Zahntechniker (© apa)
Seien wir uns ehrlich: Zahntechniker sind Menschen, die Unbehagen auslösen. Eigentlich sollte man eine Partei gründen, deren einziger Grundsatz es ist, alles Schlechte im Leben auf sie zu schieben. Immerhin macht Österreichs oberster Zahntechniker HC Strache genau das mit Ausländern. Deshalb: Für Österreich, gegen Zahntechniker. Oder so.
Ja – Angst ist sehr real. Sie hat einen festen Boden unter den Füßen. Privat, gesellschaftlich, in der Popkultur, Fest steht: Wir alle haben Angst. Um uns abzusichern verweigern wir uns der Angst, nehmen Medikamente, machen Therapien, Yoga, Selbstfindungskurse oder vielleicht sogar Kunst. Wir werden vom Leiden und von den Ängsten anderer angezogen wie Motten vom Licht – vielleicht, weil die fremden Ängste den unseren ähneln, oder aber weil sie die eigene zu verkleinern scheint. Romane, Songs, Theaterstücke, Installationen, Videospiele – sie alle spielen mit unseren Ängsten, mit Perspektiven und dem Auge des Betrachters. Ängste sind ständig da, in uns und um uns – und trotzdem ist darüber reden immer auch ein Tabubruch.

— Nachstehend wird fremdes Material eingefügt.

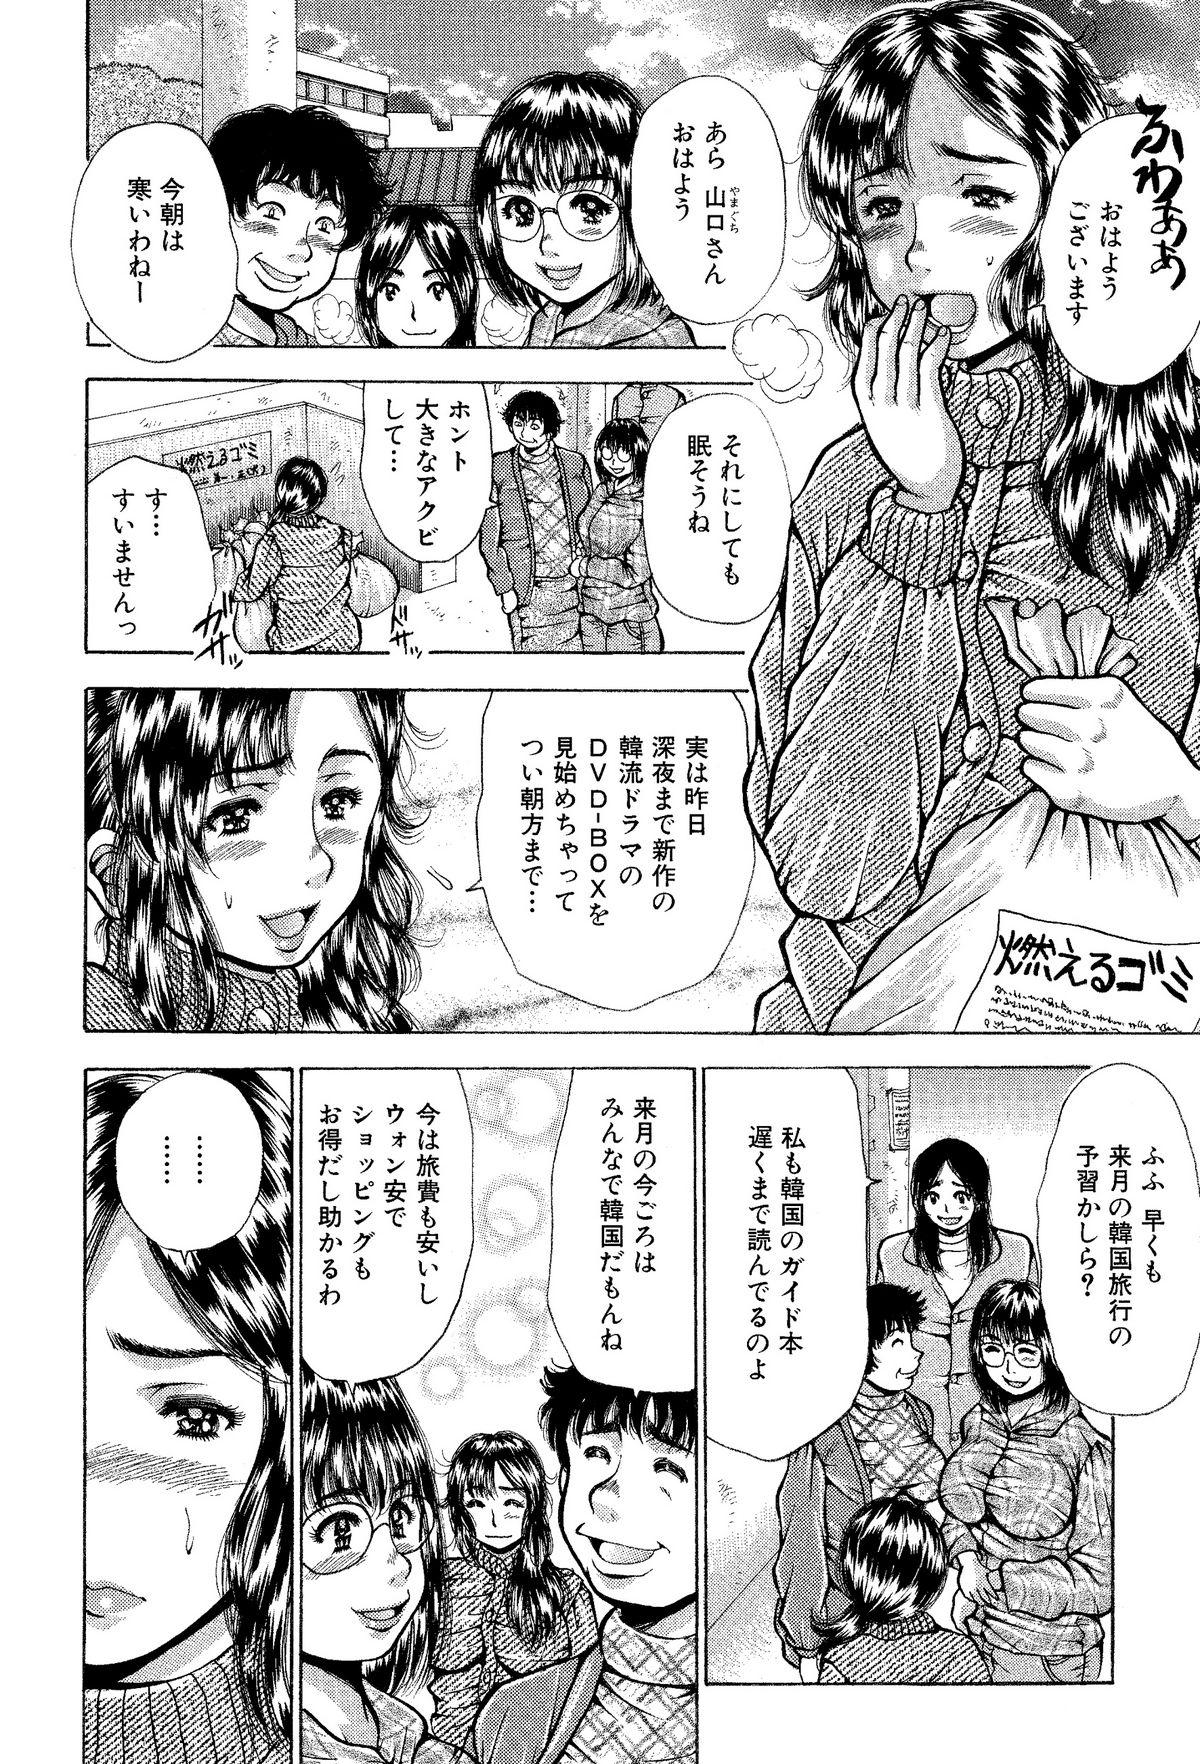 Hardcore Sex Itai Oku-san Manga o Atsumetemita 3some - Page 3

Die Inspiration für unser Alphabet der Angst wurde von 45 Studenten aus Berlin und Halle zusammen getragen, die sich gemeinsam mit ihrem Professor in einem alten Gutshaus inmitten dunkler Wälder einsperrten, um ihren real existierenden oder frei erfundenen Ängsten nachzugehen. Lexikalisch definiert, mit ausdrucksstarken Illustrationen versehen und im Kontext einer textlich-visuellen Auseinandersetzung publiziert, ist das eben erschienene "Taschenlexikon der Angst" bizarr, lustig, besorgniserregend und real in seiner Irrealität.
Fast so sehr wie unser eigenes – Horror-Soundeffekte an – Alphabet der Angst.
Die Inspirationsquelle für unsere Gallery, das "Taschenlexikon der Angst", ist bereits im Verlag Hermann Schmidt erschienen.